Intervention de Patrice Leclerc, maire de Gennevilliers, le 8 janvier 2022,
Chère Yamna, cher-es enfants, petits-enfants et arrières petits-enfants de Saad, permettez-moi, au nom des élu-es du conseil municipal, de celui de Jacques Bourgoin, ancien maire, Elsa faucillon, députée, Roland Muzeau, ancien député, et en mon nom, de vous présenter toutes nos condoléances.
Je mesure votre douleur face à la perte d’un être cher, d’un mari, d’un père, d’un grand-père dont vous pouvez toutes et tous être très fier. Et je sais que vous l’êtes.
Gennevilliers a perdu le 9 décembre dernier, une personnalité locale, un acteur de notre ville, un humaniste attachant. Je le dis sans détour, Saad Abssi, est une fierté de notre ville. Fierté d’avoir compté en son sein un militant de la liberté et de l’émancipation, un militant de la solidarité, un militant de l’ouverture aux autres et au monde, un expert du combat pour la dignité humaine.
Je suis déchiré entre la douleur de la perte d’un ami et la fierté d’avoir connu Saad.
C’est une rencontre qui compte dans une vie, car à l’intérêt des discussions que nous pouvions avoir sur des questions sociales, politiques ou religieuses s’ajoutait l’épaisseur humaine de la rencontre, la chaleur humaine de l’ami bienveillant, du camarade de combat pour un monde meilleur.
J’aimais aussi ses colères, sa véhémence pour dénoncer les injustices. Il était capable d’alterner le calme du sage et la colère du militant intransigeant. Il savait haranguer les foules tout comme conseiller à voix basse. Il s’intéressait aux malheurs du monde comme celui de son voisin.
Son regard profond et espiègle nous manquera. Malice qui fait que Saad m’oblige à prononcer un discours en son hommage en 2022, l’année du 60e anniversaire de proclamation de l’indépendance de l’Algérie. Je ne pouvais rater ce clin d’œil.
L’histoire de Saad, l’enfant du désert, est intimement liée à l’histoire de l’Algérie, à sa lutte pour l’indépendance, contre le colonialisme, mais aussi pour le respect de la démocratie. Ainsi, il a refusé les honneurs et le pouvoir en refusant de reconnaitre légitime le coup d’État de Boumediene en 1965. Saad est un incorruptible. Nous devons à Houari Boumediene le retour de Saad à Gennevilliers.
Intransigeant, Saad est pourtant un militant du dialogue. La libération de son pays obtenue, il agissait pour une réconciliation apaisée entre les peuples français et Algériens. Installé à Gennevilliers, il cofonde avec le prêtre Michel Jondot et Mohamed Benali l’association Islamo-chrétienne Approche 92 qui donnera naissance à l’association Métissage. Ces trois-là était inséparables, du dialogue à l’amitié il n’y a qu’un pas à faire et ils l’ont fait.

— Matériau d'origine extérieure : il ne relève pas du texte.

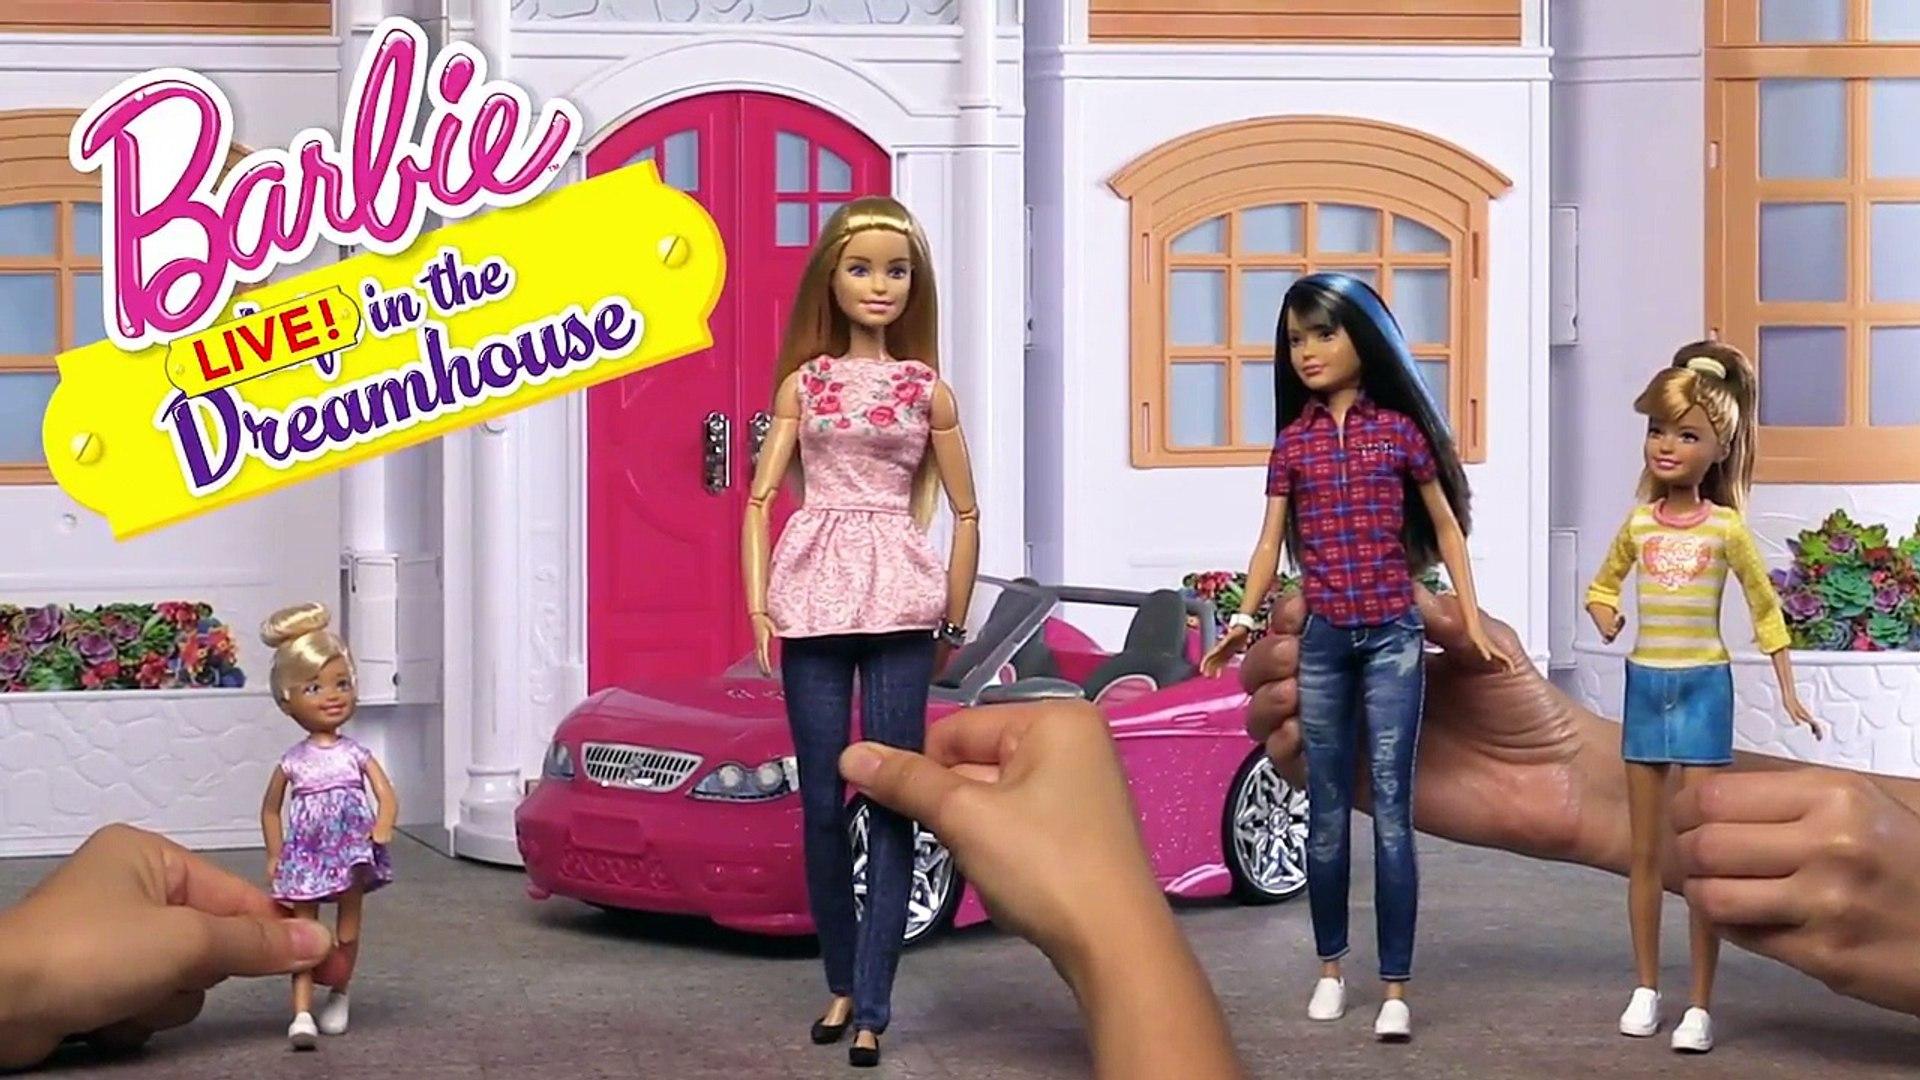 Lékařka Barbie | Barbie LIVE! In The Dreamhouse | Barbie

Ils étaient unis pour faire avancer la dignité humaine et celles des croyants. C’est eux qui sont venus voir Jacques Brunhes pour la création d’un carré musulman à Gennevilliers à la fin des années 80, puis qui sont revenus pour parler dignité des lieux de cultes et nécessité de créer une mosquée sur la ville.
Patients mais déterminés, Saad Abssi et Mohamed Benali ont avancé pas à pas, ils ont levé tous les obstacles, mobilisés aussi toutes les énergies pour créer une mosquée qui fait référence dans les Hauts-de-Seine et bien au-delà. Une mosquée Gennevilloise.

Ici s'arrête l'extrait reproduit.